Open and Shut?: September 2008

Richard Poynder talks to Annette Holtkamp, an information professional at Germany's largest particle physics research centre Deutsches Elektronen Synchrotron (DESY). Holtkamp is a member of the Helmholtz Society Open Access working group, and the German contact for SCOAP³. More recently she has been heavily involved in the development of a new repository for the particle physics community called INSPIRE.

Annette Holtkamp, Information Professional, DESY

Physicists are widely credited with having begun the Open Access (OA) movement, on the basis that in 1991 theoretical physicist Paul Ginsparg created the physics preprint repository arXiv — an Internet-based service that allows physicists to electronically share their preprints with one another prior to publication in a scholarly journal.

In reality, however, the seeds of the OA movement predate arXiv by at least thirty years, when scientists working in the specific domain of particle physics — otherwise known as high energy physics, or HEP — began to routinely share their preprints via the postal system.

Of course scientists have always exchanged papers with one another by mailing copies of their papers to friends and colleagues. What was new, however, was that during the 1960s librarians at major HEP research institutions like DESY, the US-based Stanford Linear Accelerator Center (SLAC), and the world's largest particle physics laboratory CERN, began developing bibliographic tools and services to assist scientists share their preprints in a formulised fashion, thereby allowing researchers to exchange papers in a new and more effective way.

The service that came to dominate was SPIRES, which began life as a preprints collection and an associated card catalogue system created in the SLAC library in 1962. In 1974 this was computerised and combined with work being done at DESY, broadening the service to include bibliographic data on journal articles, conference proceedings, theses and books. Importantly, a number of SDI services were also introduced. These allowed HEP scientists to request that they be alerted when new papers in their field became available. Since the alerts included author contact details, scientists were able to communicate directly with one another in order to exchange papers, regardless of whether they personally knew each other.

When the Internet became widely available new features were added to SPIRES so that researchers could interrogate the database by email, allowing them to retrieve the information electronically. And in 1991, SPIRES became the first web-based database.

SPIRES has always been a bibliographic database. What was innovative about arXiv, therefore, was that it was the first freely available electronic repository containing the full-text of research papers. However, since SPIRES offered powerful search features, citation analysis tools, and was actively managed by librarians (who started inserting links into its records to allow users to go directly to the full-text on arXiv), researchers began to use SPIRES as a search engine for arXiv. As such, a symbiotic relationship developed between the two services.

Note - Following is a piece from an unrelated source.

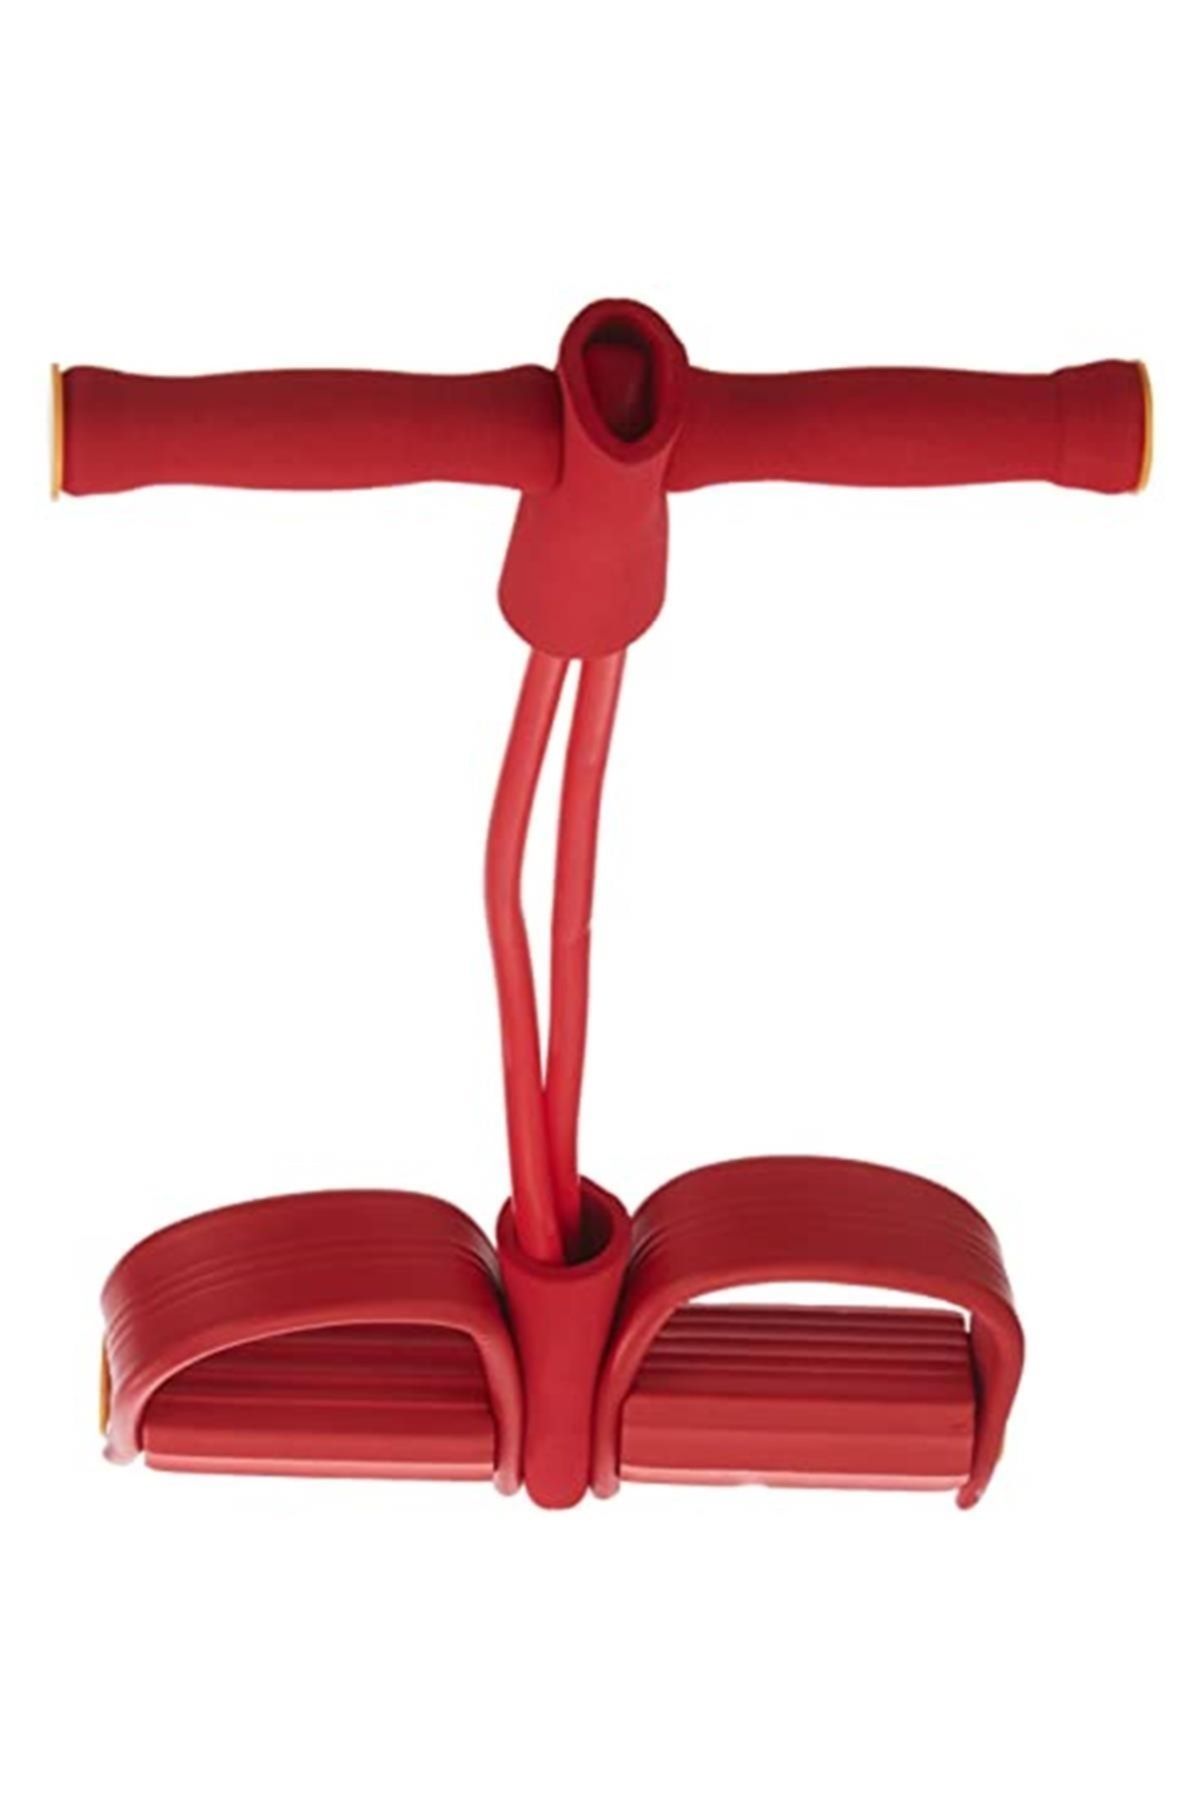 Avessa Marka: Body Trimmer Direnç Lastiği Jimnastik Aleti Kırmızı Kategori: Top

Today SPIRES has around 770,000 records and is growing at around 4,000 new records a month. ArXiv, meanwhile, has 492,000 e-prints, with roughly five thousand new ones added each month.

But SPIRES is now over thirty years old, and had begun to creak. Consequently, in May a new service called INSPIRE was launched. INSPIRE is a joint initiative of SLAC, DESY, the US-based Fermi National Accelerator Laboratory (FNAL) and CERN.

The new database is based on a state-of-the-art Open Source software platform called Invenio, initially developed for CERN's institutional repository — known as the CERN Document Server, or CDS. It is planned to populate INSPIRE with content from both SPIRES and CDS — which has around one million records, half of which are full text — promising to make INSPIRE a significant new service for the HEP community.

What is the long-term objective for INSPIRE, and what does its development portend? An information professional at DESY for 25 years, Annette Holtkamp is ideally placed to answer these questions. Holtkamp has long been responsible for inputting journal and conference proceedings into SPIRES, and is directly involved in the development of INSPIRE. "Our ambition is to build a comprehensive HEP information platform hosting the entire body of HEP metadata and the full text of all OA publications", she says.

As such, INSPIRE will eventually become a full-text service like arXiv — something that in a recent survey HEP scientists said they wanted. Moreover, it will build on the strengths of SPIRES. To this end it was decided to use very sophisticated repository software which will, amongst other things, include a new search engine, a metrics system for measuring the impact of articles, and a number of specialist data management tools. It will also boast Web 2.0 functionality and, as with SPIRES, the data will be managed and curated by professional librarians.

What implications might this have for arXiv? Can we expect particle physicists to discontinue putting their papers in arXiv, for instance, and opt for INSPIRE instead? It would, after all, seem a more natural location for HEP researchers to deposit their preprints. Not necessarily, says Holtkamp. "HEP scientists have already a full commitment to self-archive their preprints in arXiv and there is no reason to change this. What INSPIRE will offer is the possibility to deposit material that users want to be preserved in addition to today's possibilities, such as theses or old preprints which were not submitted to the arXiv originally: indeed, authors are usually happy to make them available but arXiv is seldom used as such a forum."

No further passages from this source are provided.